My current work seeks to perfect the very essence of making ceramics by focusing on just clay, water, and fire. The saggar firing process relies on the skill and experience I have developed over thirty years to create an environment of combustible materials that will use the fire as a painter uses a brush. Unlike raku or glazing, the coloring of a saggar-fired pot occurs from the moment the kiln is lit until the pot has completely cooled.
To accentuate this unique coloring, I use a vocabulary of forms built with a foundation from the traditions of ancient ceramics cultures and then honed with my intuitive understanding of form.

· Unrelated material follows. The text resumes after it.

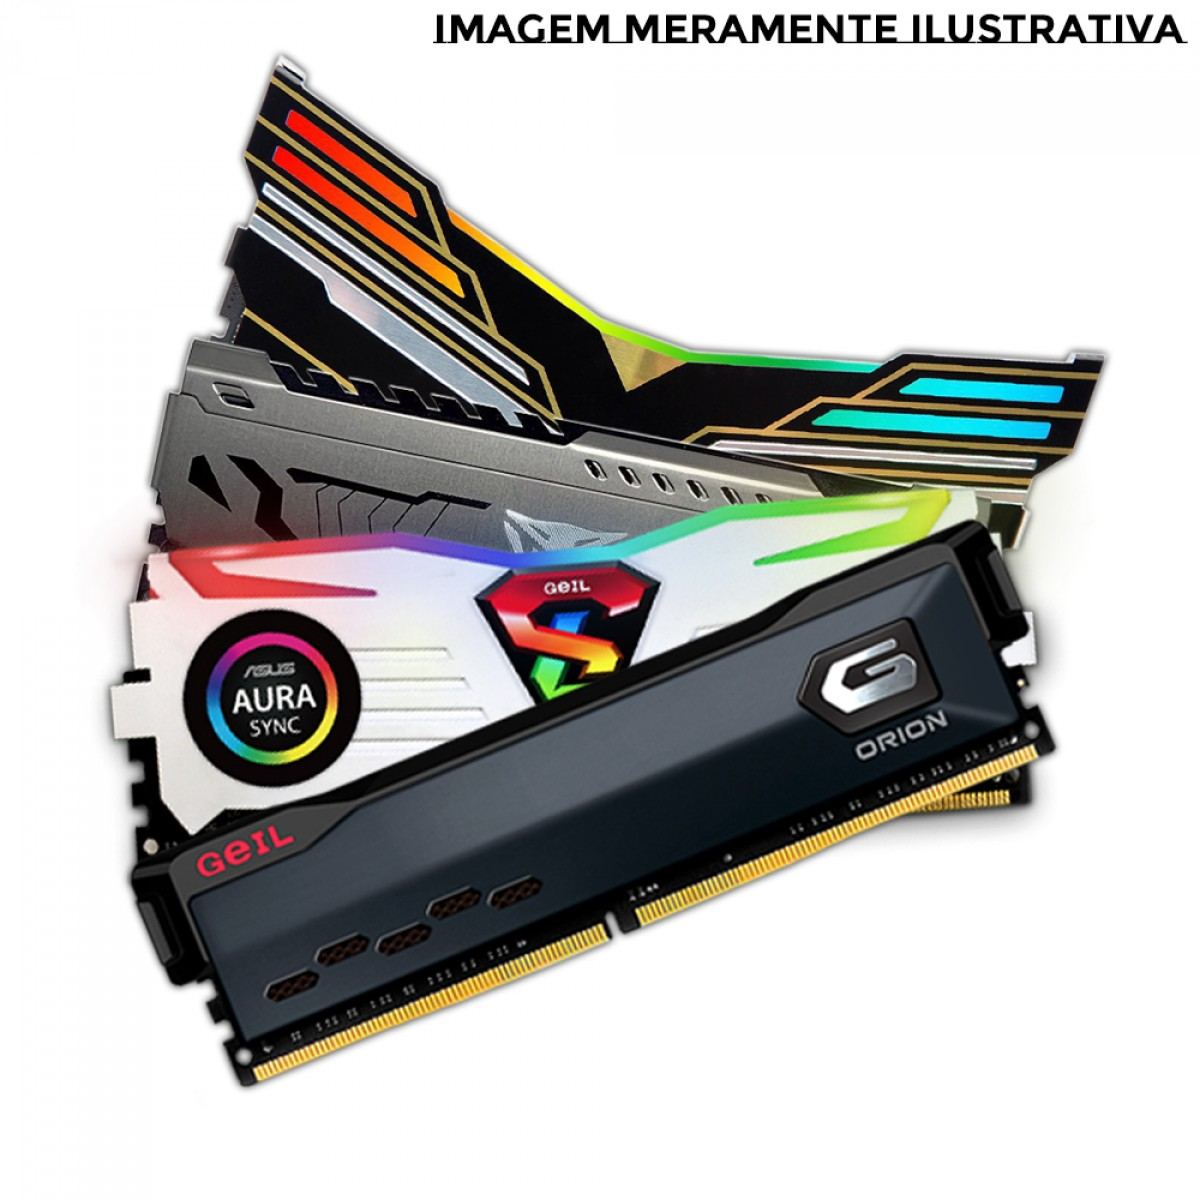 Kit Upgrade, AMD Ryzen 3 PRO 4350G, Asus TUF GAMING B450M-PLUS II, Memória DDR4 8GB 3000MHz

I believe that saggar firing approaches the very heart of ceramics as a medium—the fusion of clay, water, and fire. By eliminating everything that is not these three components, my work unites surface and form.
My iTalianate work started with a trip to Italy in 2013. Like many travelers, I was fascinated by Italy’s history, art, landscape, and architecture, but I was also intrigued by things such as colors found in the earth, tufa stone, and pottery forms by anonymous artisans. I visited the studios of two Italian ceramic artists, Franco Balducci in San Gimignano and Marino Moretti in Viceno. Mr. Balducci invited me to throw a pot with Italian clay on his Magnolfi-Bigalli, an Italian potter's wheel, and Mr. Moretti gave me a container of iron oxide from that region. My personal connections with these two artists inspired me to start a new iTalianate series.
As I began to experiment with the iron oxide, I used it to create an antique surface decoration when combined with my existing firing techniques. After creating several Italian-style forms with the coloring of the iron oxide, I remembered an ancient bowl with human figures walking on the rim that I had seen in Florence. The simple beauty of that bowl led to the second defining characteristic of this series—figures that represent the new reality of over-connected humans living in the digital age. Through this work, I question, comment, and poke fun at humans tethered to their devices and the resulting changes in social behavior. In essence, these ceramic works are three-dimensional editorial cartoons. The name “iTalianate” blends a word that means Italian in appearance or character with the lowercase “i” common to a certain technology company’s products.
My iTalianate Series has more than thirty pieces that integrate the appearance of ancient objects that might have been part of an archaeological dig with the iconography of modern technology in a way that links the past, present, and future.